Pair, impair : fumeux

Pair, impair : fumeux !

Pour protéger les poumons des Parisiens des particules fines renvoyées par le diesel - que l’État encourage toujours par une taxation allégée - des technocrates eurent la semaine dernière une idée de génie : ne donner le droit de circuler qu’à la moitié du parc automobile. Un jour, les voitures avec des plaques en chiffres pairs, le lendemain en chiffres impairs...Sur le papier, deux fois moins de voitures, deux fois moins de pollution, l’air de nos grandes villes (presque) aussi pur que celui des sommets du Mercantour !

Cette mesure s’est révélée aussi efficace que celle qui aurait consisté, pour diminuer le nombre des cancers, de diviser celui des cancérologues...
Rien ne s’est passé comme prévu.
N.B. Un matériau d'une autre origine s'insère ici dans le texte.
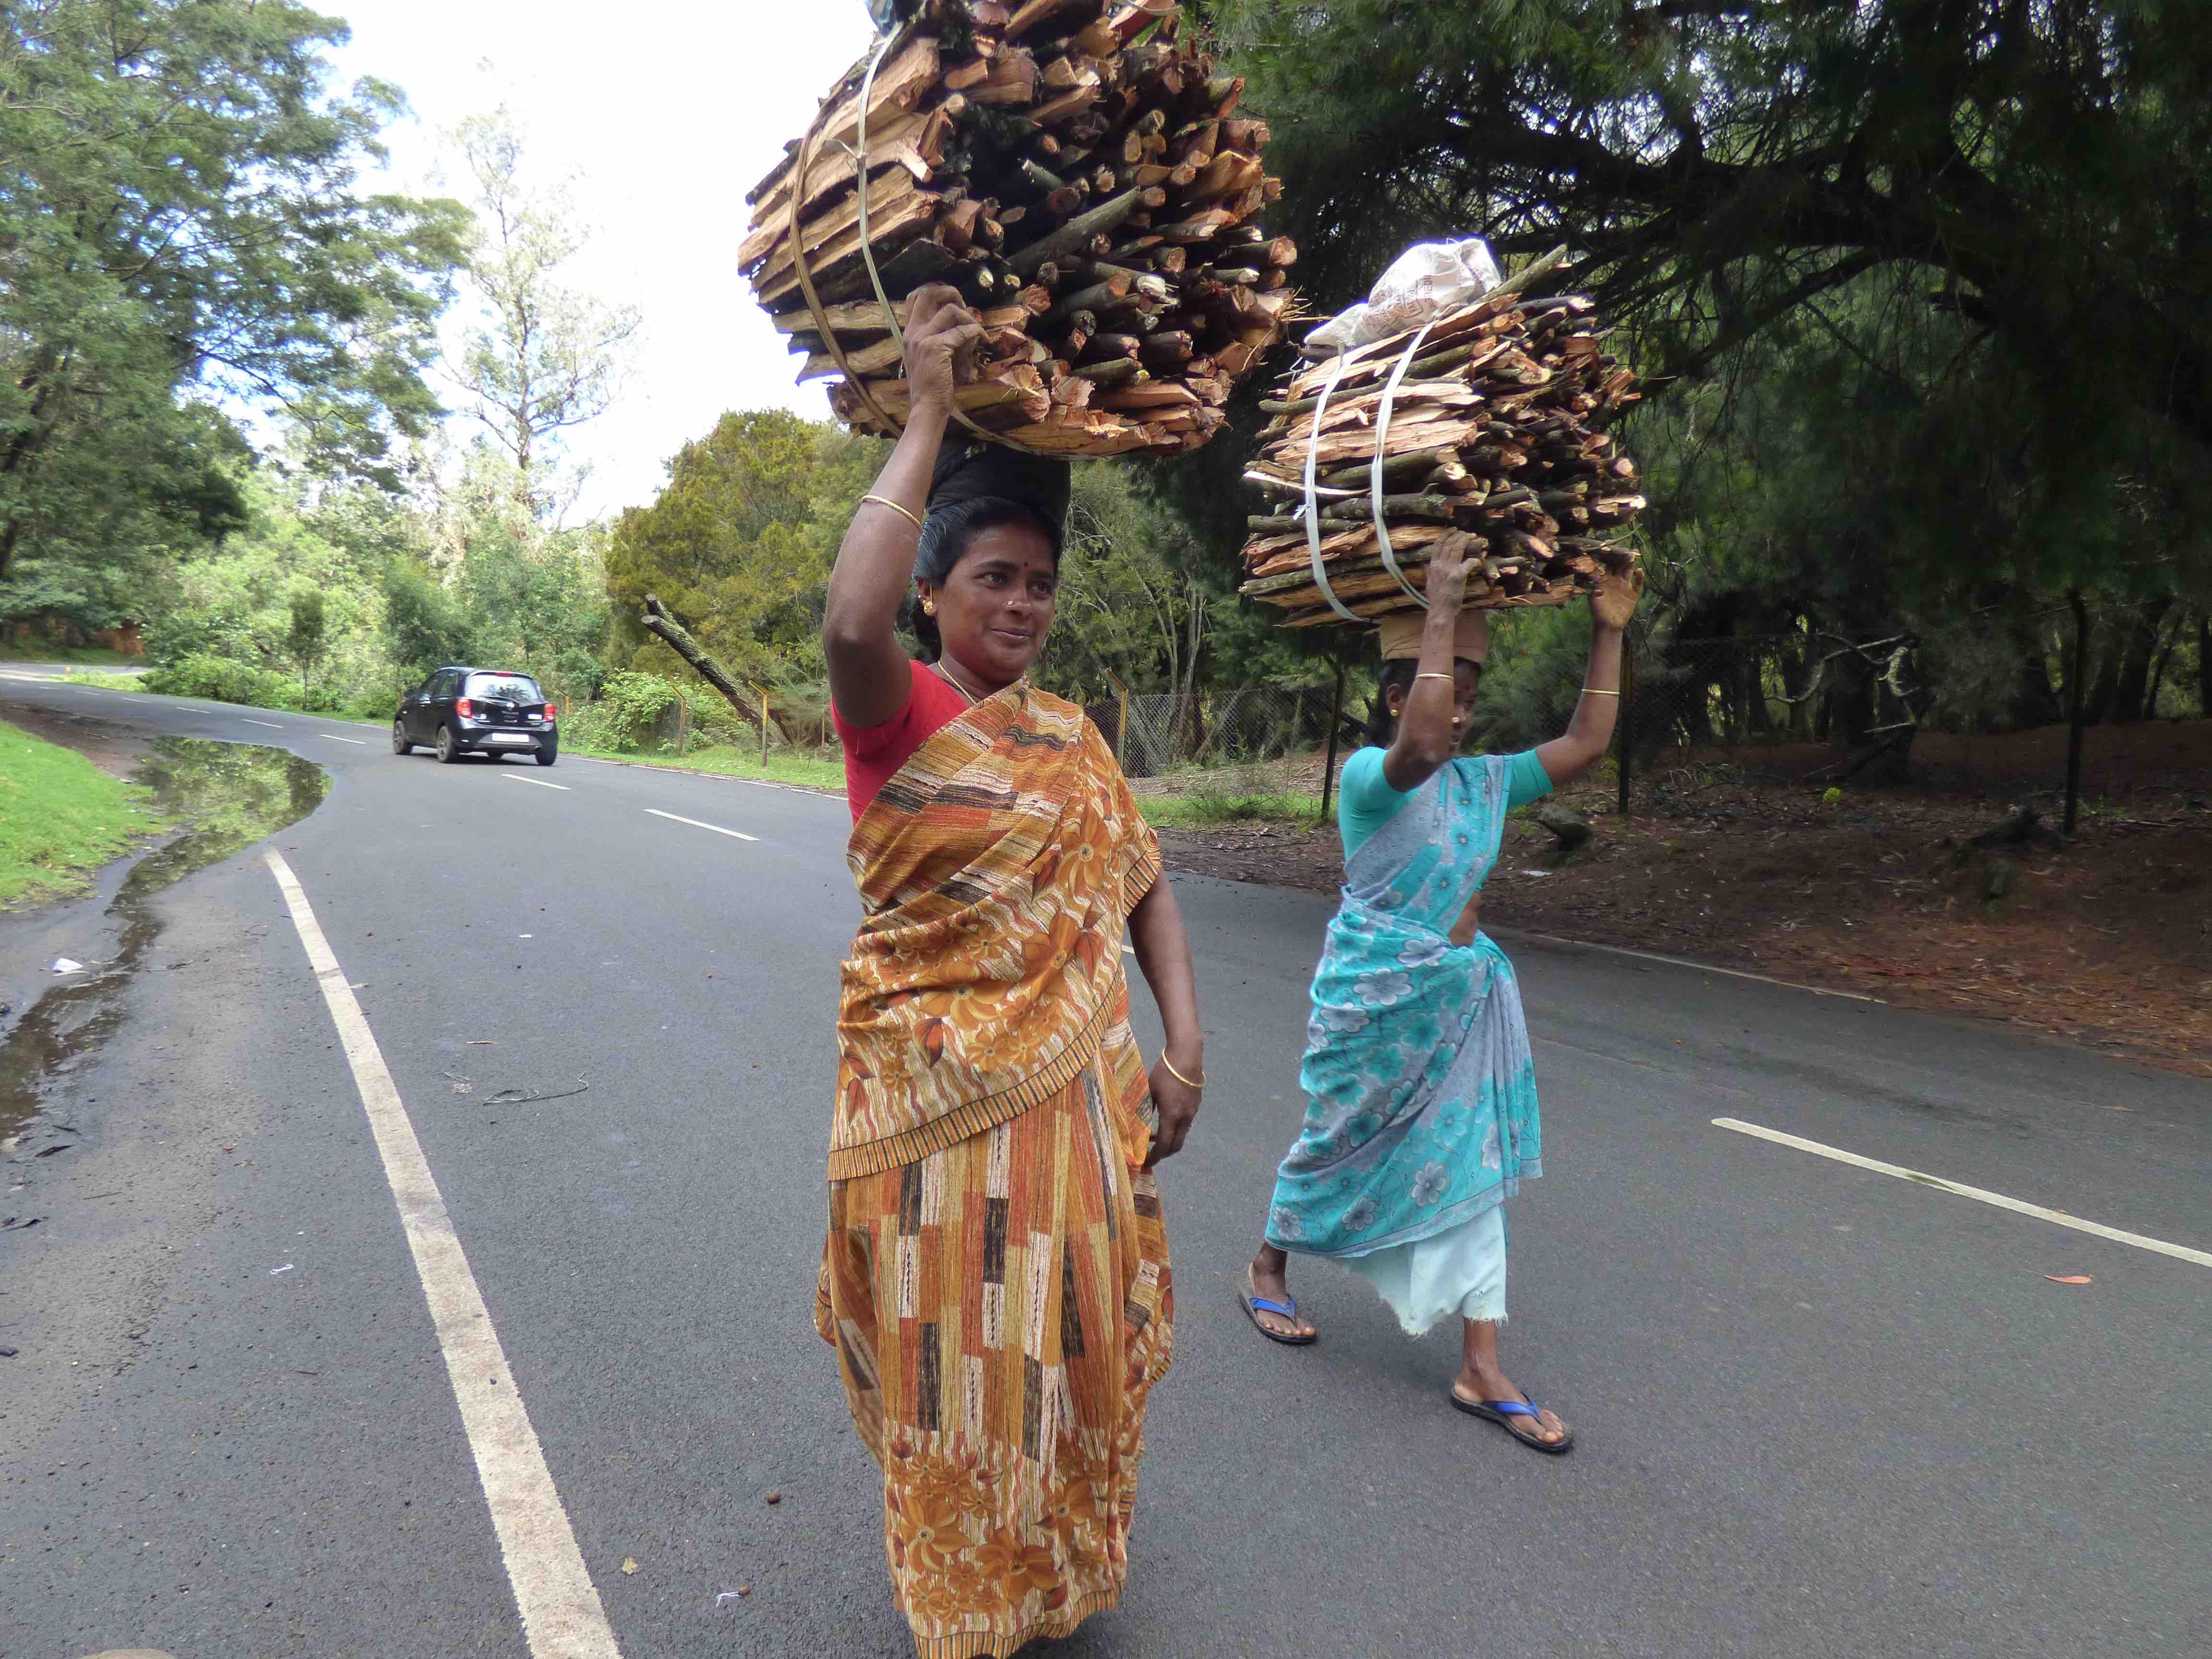 Women carrying headloads of firewood. Credit: Janaki Lenin

Il y eut autant de circulation (faut bien aller travailler et il n’y a pas toujours de transports publics).
Nos technocrates eurent alors une deuxième idée : interdire la circulation des voitures fabriquées avant 1997 au motif - légitime - qu’elles polluent davantage que les récentes (parfois équipées de truqueurs, mais passons...).
Devant tant de perspicacité, on ne peut qu’applaudir. Car la circulation des guimbardes représente 8% du trafic général. L’impact de cette nouvelle mesure donc est forcément limité, en tous cas pas à la hauteur des pics de pollution.
Si des gens s’entêtent à circuler avec des voitures de dix ou quinze ans d’âge, c’est en général parce qu’ils n’ont pas les moyens d’en acheter de plus modernes. Ils s’acquittent pourtant des mêmes taxes sur les assurances, des carburants, des péages autoroutiers, des parkings... Payer ne donne pas le droit de polluer, mais l’État qui prétend maintenant interdire les vieilles bagnoles leur a pourtant octroyé, du temps de leur jeunesse, un très officiel "certificat de conformité". Il y a là une incongruité, voire une mesure stigmatisante, en tout cas injuste.
Dans la "crise" actuelle, qui concerne toutes les grandes agglomérations, les heures perdues dans les embouteillages ne sont pas prises en compte. Elles s’élèvent pourtant à plus de 60 heures par an, presque trois jours par voiture ! Des centaines de milliers de moteurs tournent pour rien et polluent beaucoup, même au ralenti...
Une fois de plus on veut culpabiliser l’individu et le rendre responsable d’une situation dont il est victime. Au fait, les transports routiers émettent 16,4% des particules fines, le résidentiel et tertiaire 62,5% (1). Si nos technocrates s’en aperçoivent, vont-ils nous demander de chauffer nos logements un jour sur deux, voire de ne respirer que les jours pairs pour les hommes et impairs pour les femmes ?

(1) Centre interprofessionnel technique d’études de la pollution atmosphérique.